When exported ore or concentrate is refined elsewhere, a portion of the finished product returns to Africa for use. The same material that was sold at a lower value now enters the continent at a much higher price. Minerals exported in raw or semi-processed form reappear as finished products, priced according to their importance in downstream markets. In many cases, the institutions that extract and export the raw materials are also positioned to carry out refining and midstream processing outside Africa. They acquire the resource at a lower value, increase its worth through processing, and reintroduce it into the market at a higher price. As a result, the economic return generated from these materials is largely realized outside the point of extraction. At the same time, the environmental and operational burdens associated with mining and concentration — including waste generation, tailings management, and local impacts — remain at the source. This creates an imbalance in which physical and environmental costs are retained locally, while a significant share of the economic value is realized elsewhere.
Refining creates the bulk of the value associated with minerals and shapes the structure of industrial activity around them. Once refining capacity is established, related industries begin to cluster nearby. Activities such as alloy production, component manufacturing, and specialized processing develop alongside refining operations. Over time, this leads to the formation of integrated supply chains, where infrastructure, technical expertise, and market access reinforce one another. In this way, processing does not only transform materials — it anchors industrial ecosystems.
Africa increasingly functions as both a starting point and an end-market within the minerals economy. Demand for metals is expanding across the continent, driven by infrastructure development, electrification, and emerging manufacturing. In the absence of local refining capacity, this demand is met through imports of refined materials. The refining gap is not limited to physical infrastructure, but reflects a broader absence of accumulated knowledge, operational experience, and integrated industrial networks. These capabilities develop over time and reinforce one another, making refining capacity difficult to establish and time-consuming.
The conditions surrounding minerals refining are beginning to change.
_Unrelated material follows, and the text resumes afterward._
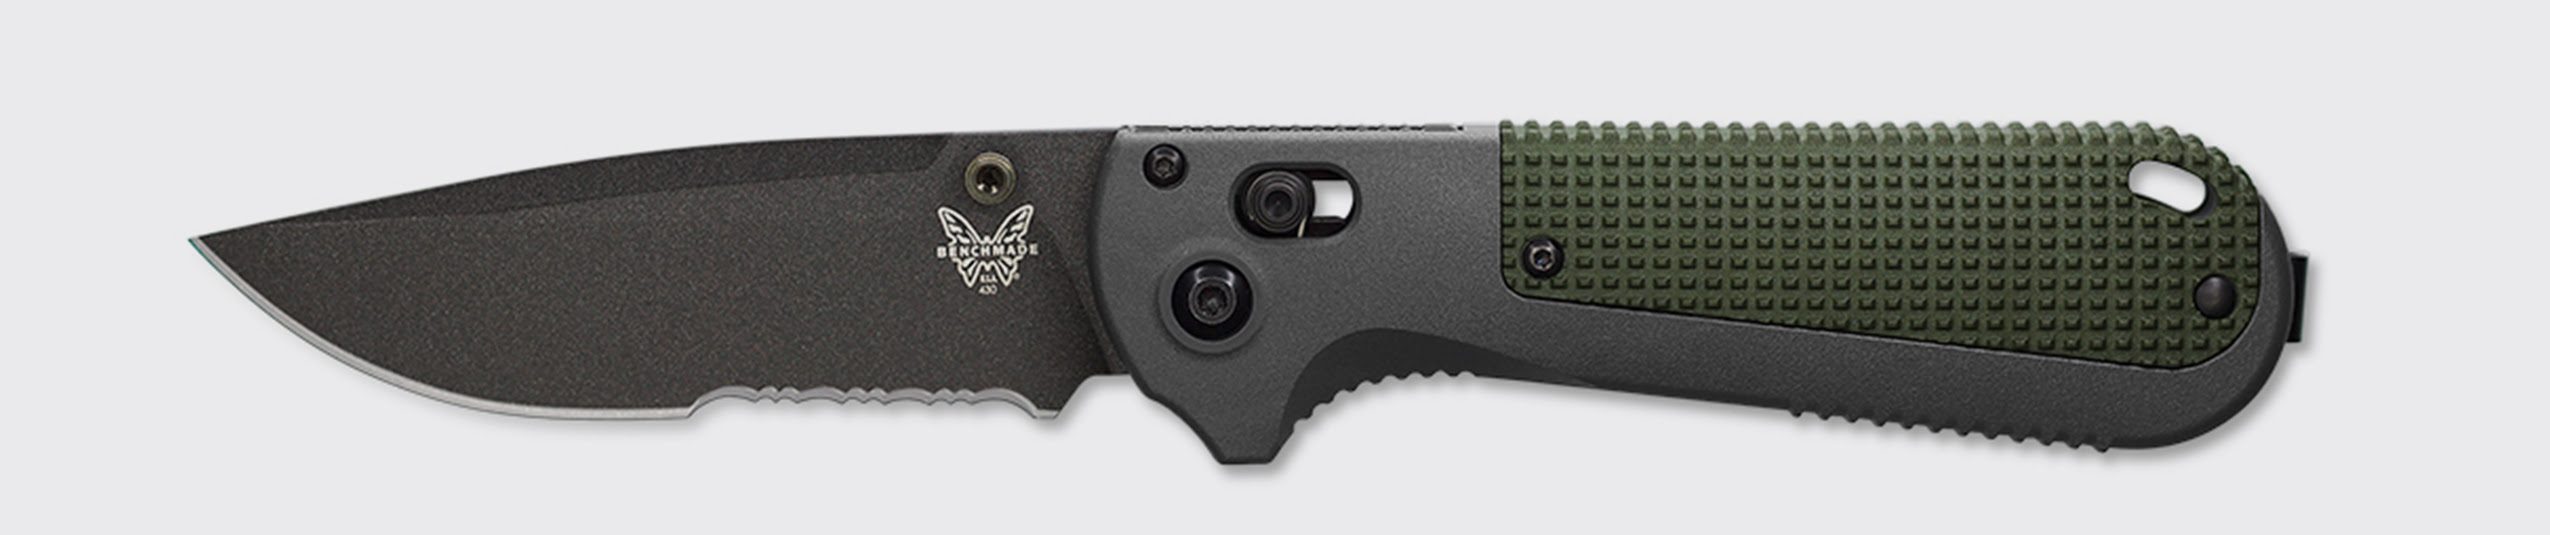 Benchmade Releases Its New 430BK and 430SBK Redoubt EDC Folders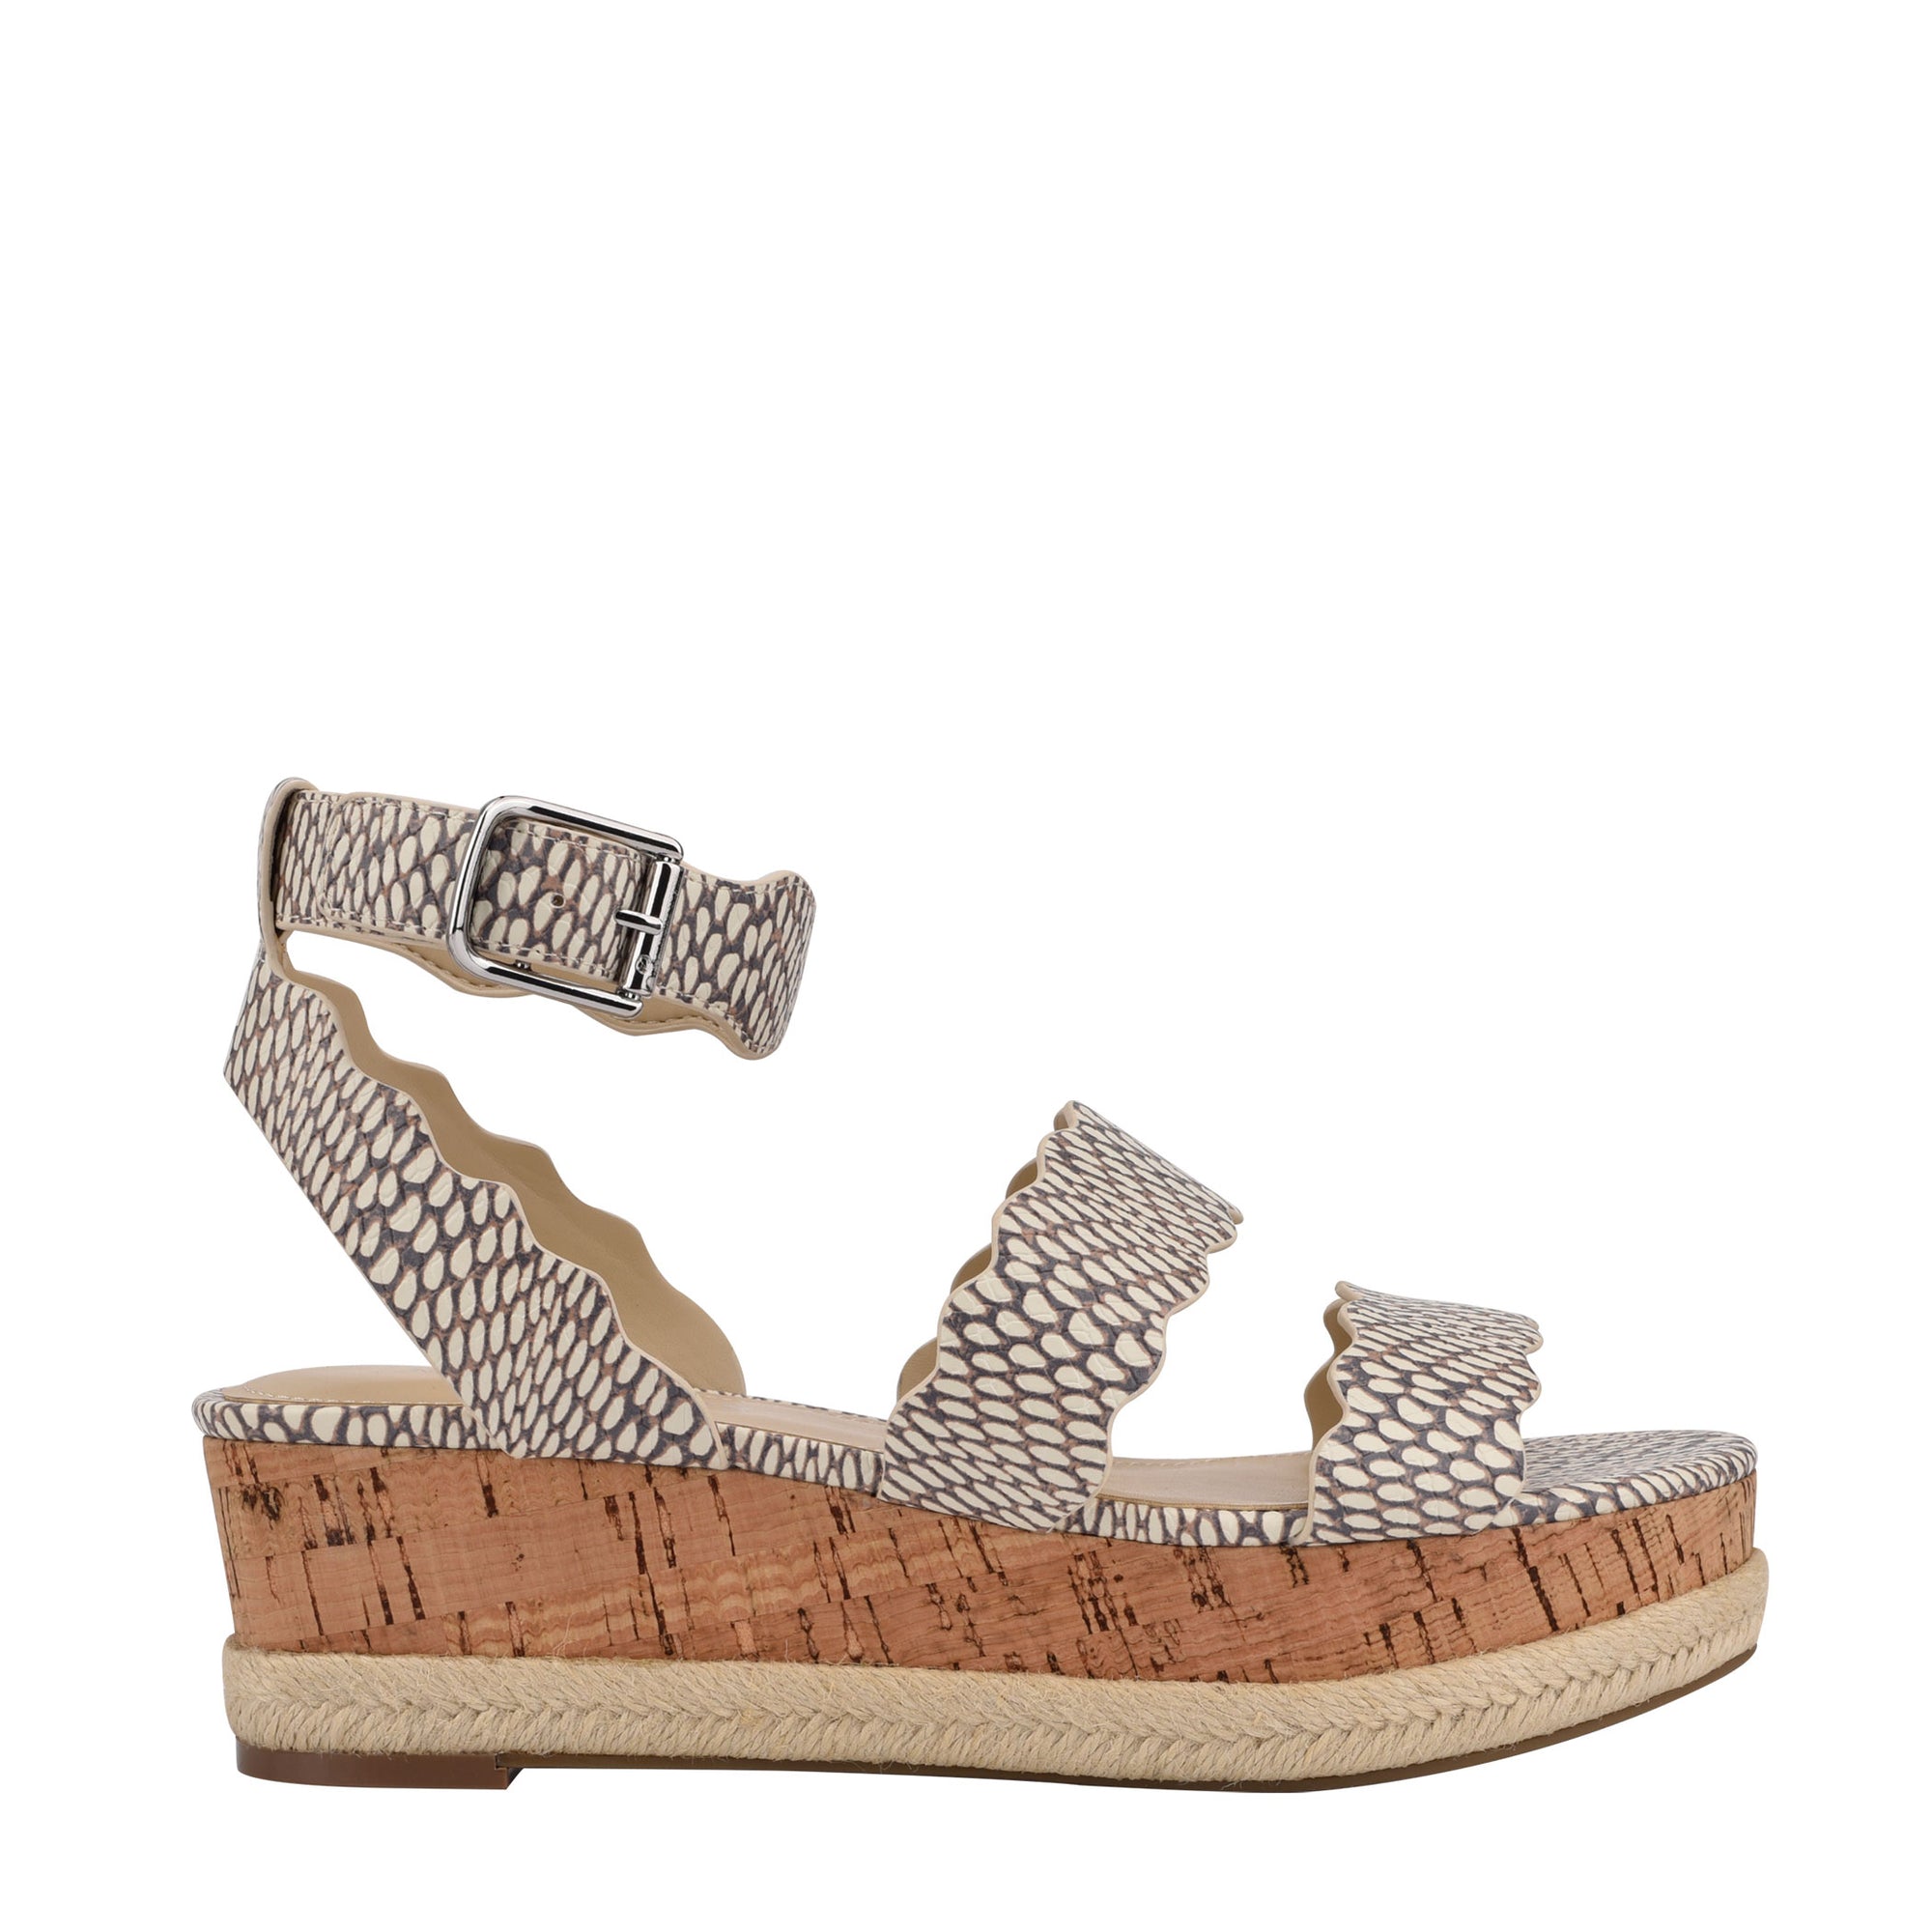 marc fisher scalloped wedges

Across resource-rich economies, policy direction is shifting toward domestic processing, export models are being reconsidered, and the economics of refining are becoming increasingly viable. In this context, the development of domestic refining capacity alters the structure of trade. Resources are no longer exported solely as low-value inputs, but can be processed in situ and sold at full market value. In this way, value is not only captured within the system, but no longer purchased from outside the continent.